● **TASK DIRECTIONS**
Repeat the listing exactly. Do not carry over any pictures.

● **INFORMATION SUPPLIED**
--------

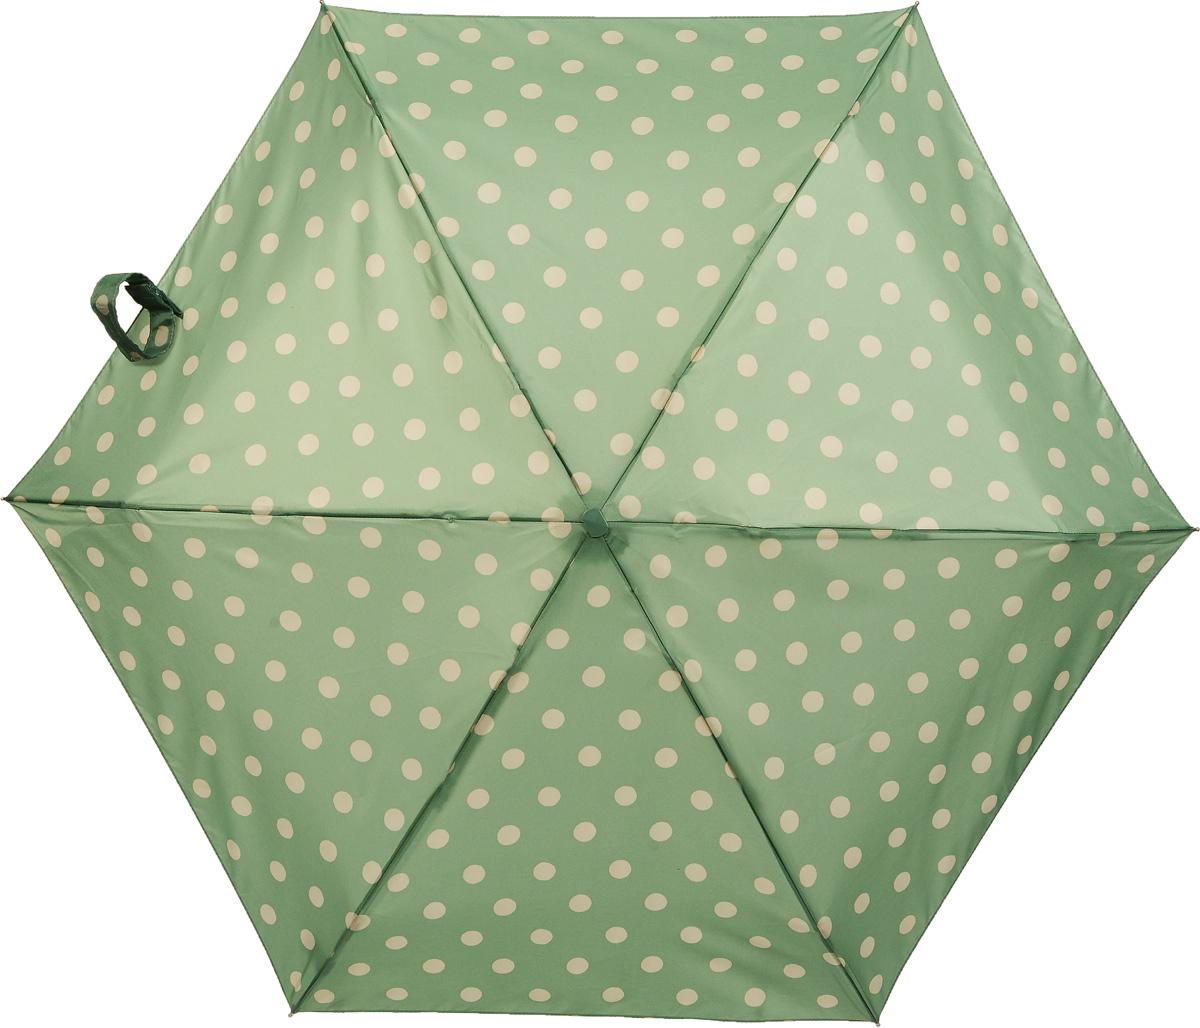 Зонт женский механика Cath Kidston Fulton, расцветка: зеленый горох. L521-3130 Button Spot GreenL521-3130 ButtonSpotGreenПрочный, необыкновенно компактный зонт, который с легкостью поместится в маленькую сумочку. Удобный плоский чехол. Облегченный алюминиевый каркас с элементами из фибергласса. Ветроустойчивая конструкция. Размеры зонта в сложенном виде 15смх6смх3см, диаметр купола 87 см.
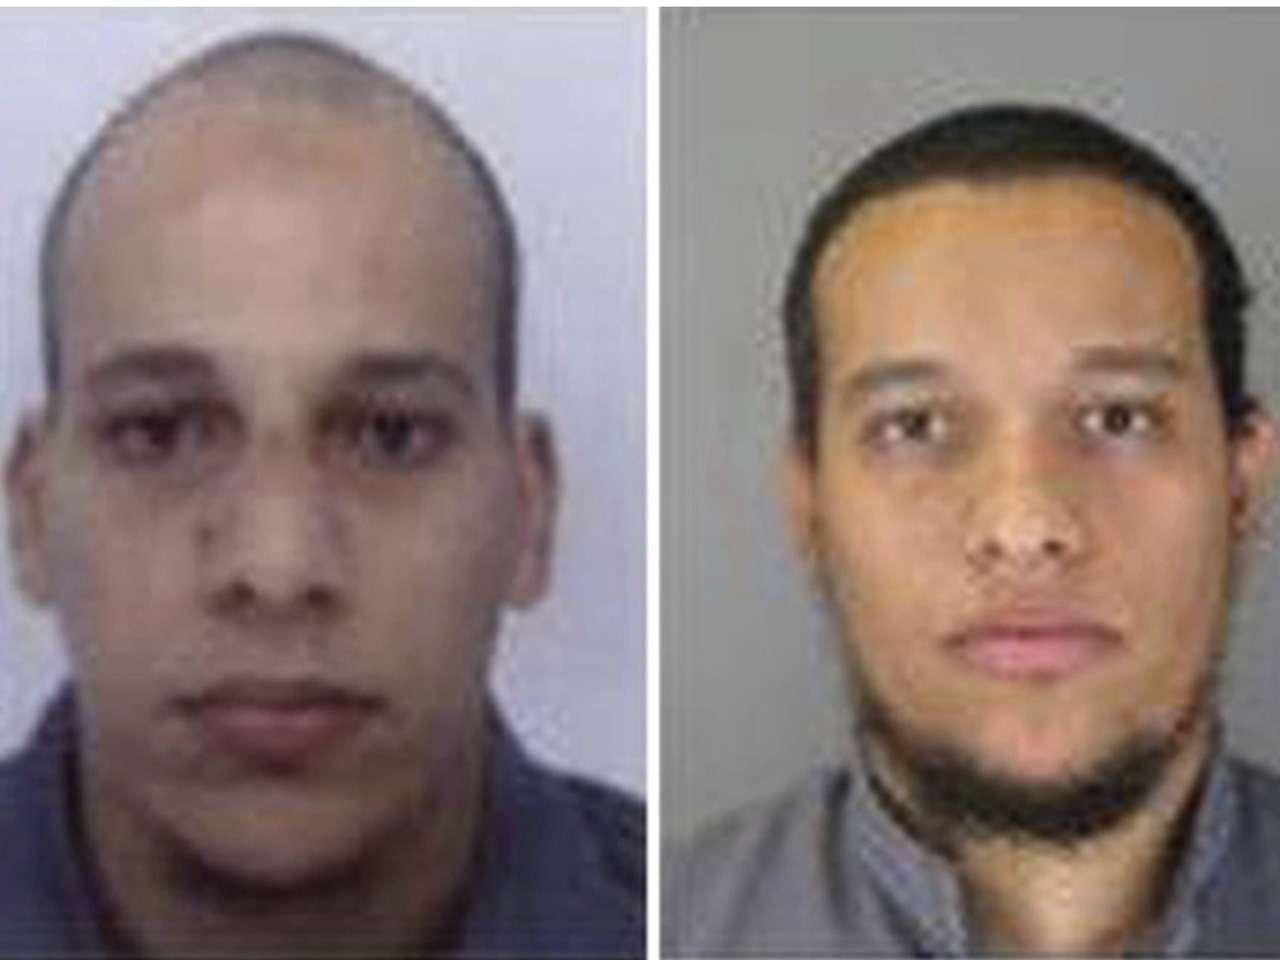 Los hermanos Kouachi muertos en el asalto a imprenta, según medios franceses Foto: EFE en español
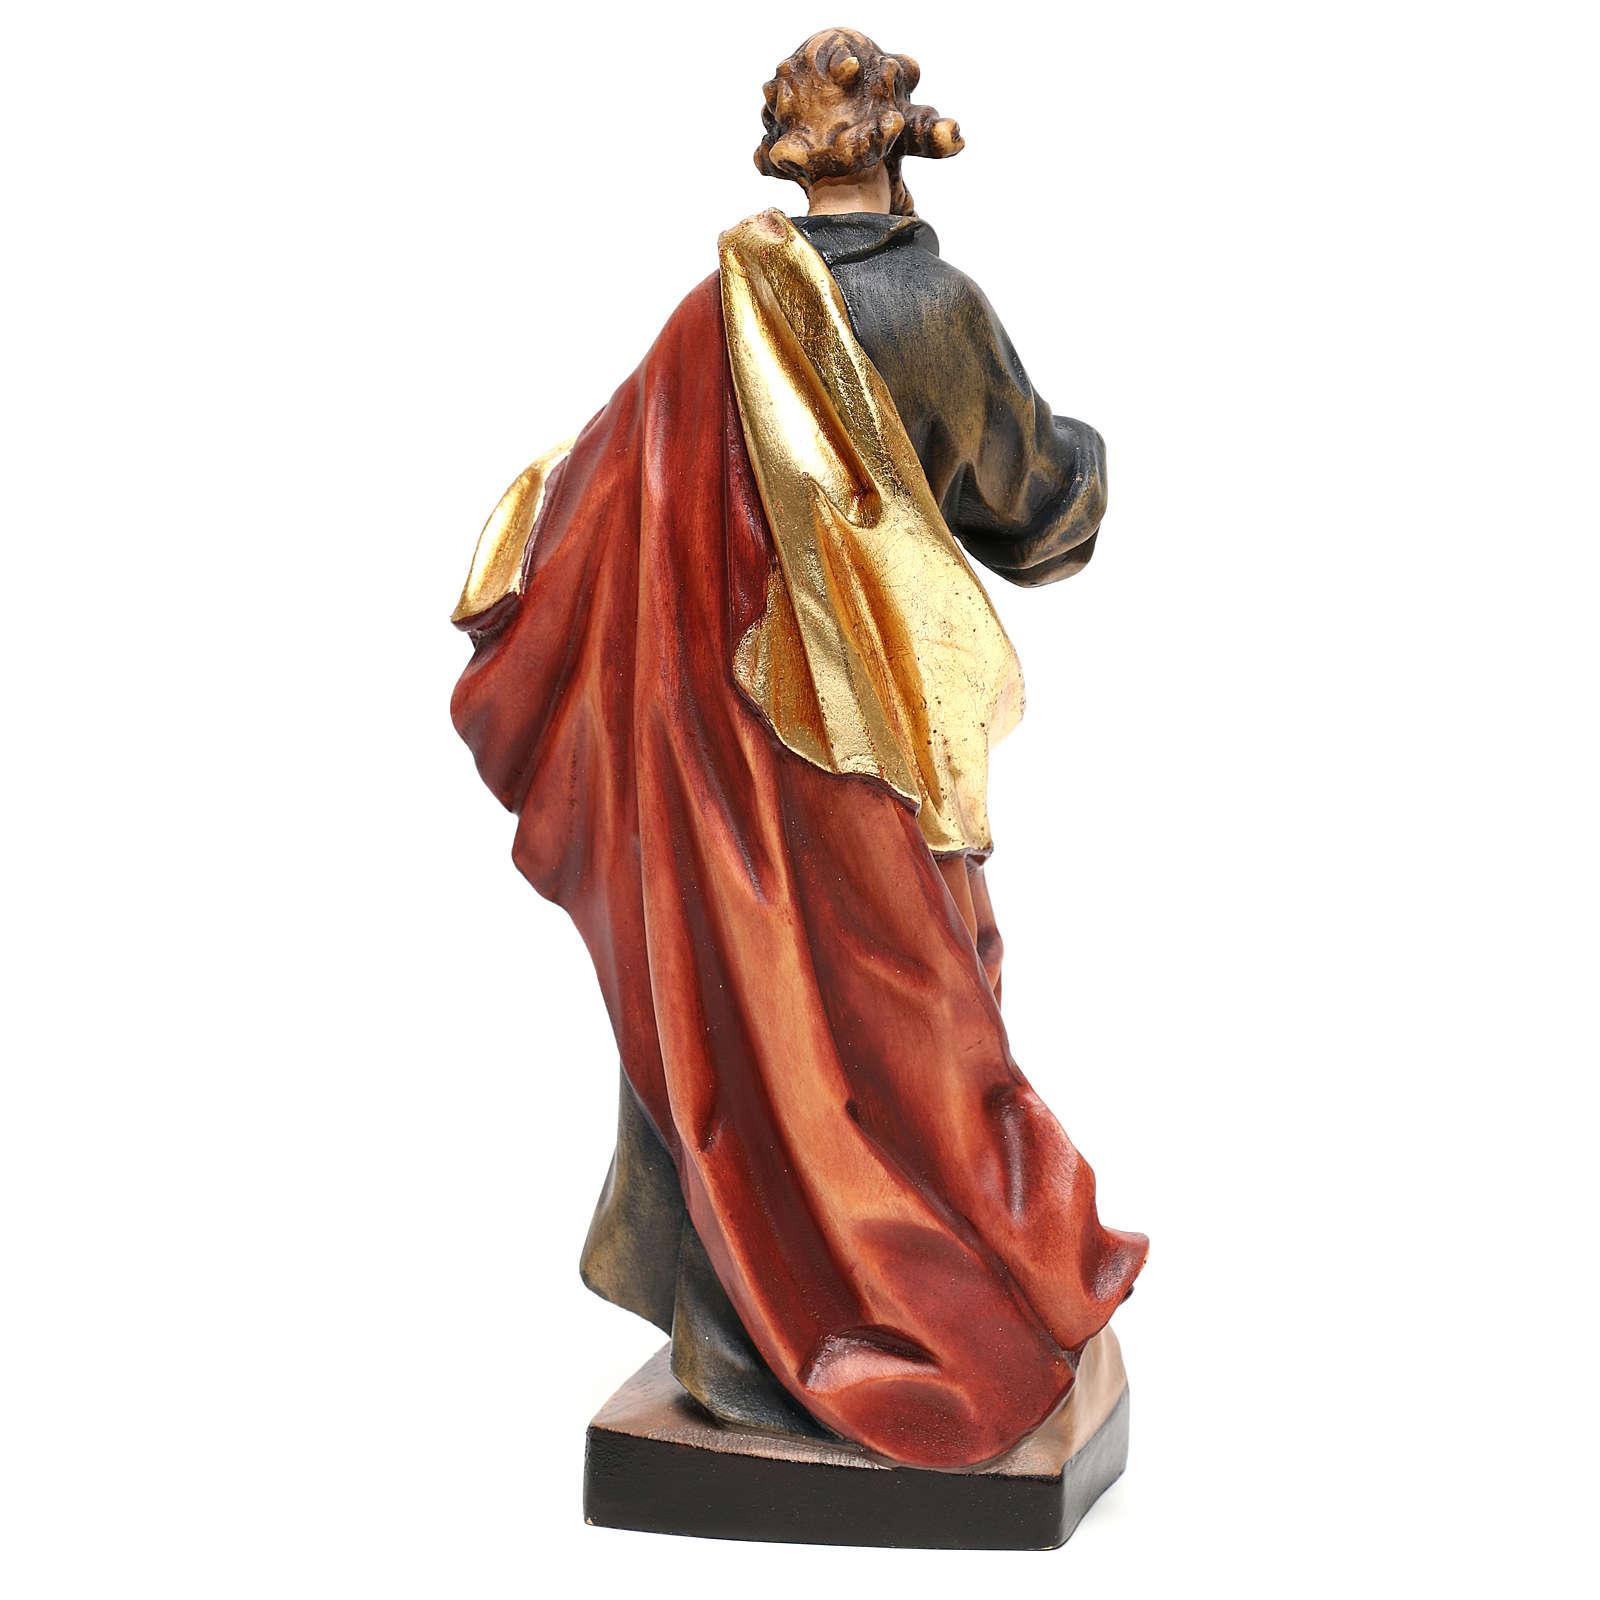 San Mateo de madera pintada, trajes color azul, oro y rojo 4

--------

● **WRITTEN REPLY**
 Зонт женский механика Cath Kidston Fulton, расцветка: зеленый горох. L521-3130 Button Spot GreenL521-3130 ButtonSpotGreenПрочный, необыкновенно компактный зонт, который с легкостью поместится в маленькую сумочку. Удобный плоский чехол. Облегченный алюминиевый каркас с элементами из фибергласса. Ветроустойчивая конструкция. Размеры зонта в сложенном виде 15смх6смх3см, диаметр купола 87 см.
 Los hermanos Kouachi muertos en el asalto a imprenta, según medios franceses Foto: EFE en español
 San Mateo de madera pintada, trajes color azul, oro y rojo 4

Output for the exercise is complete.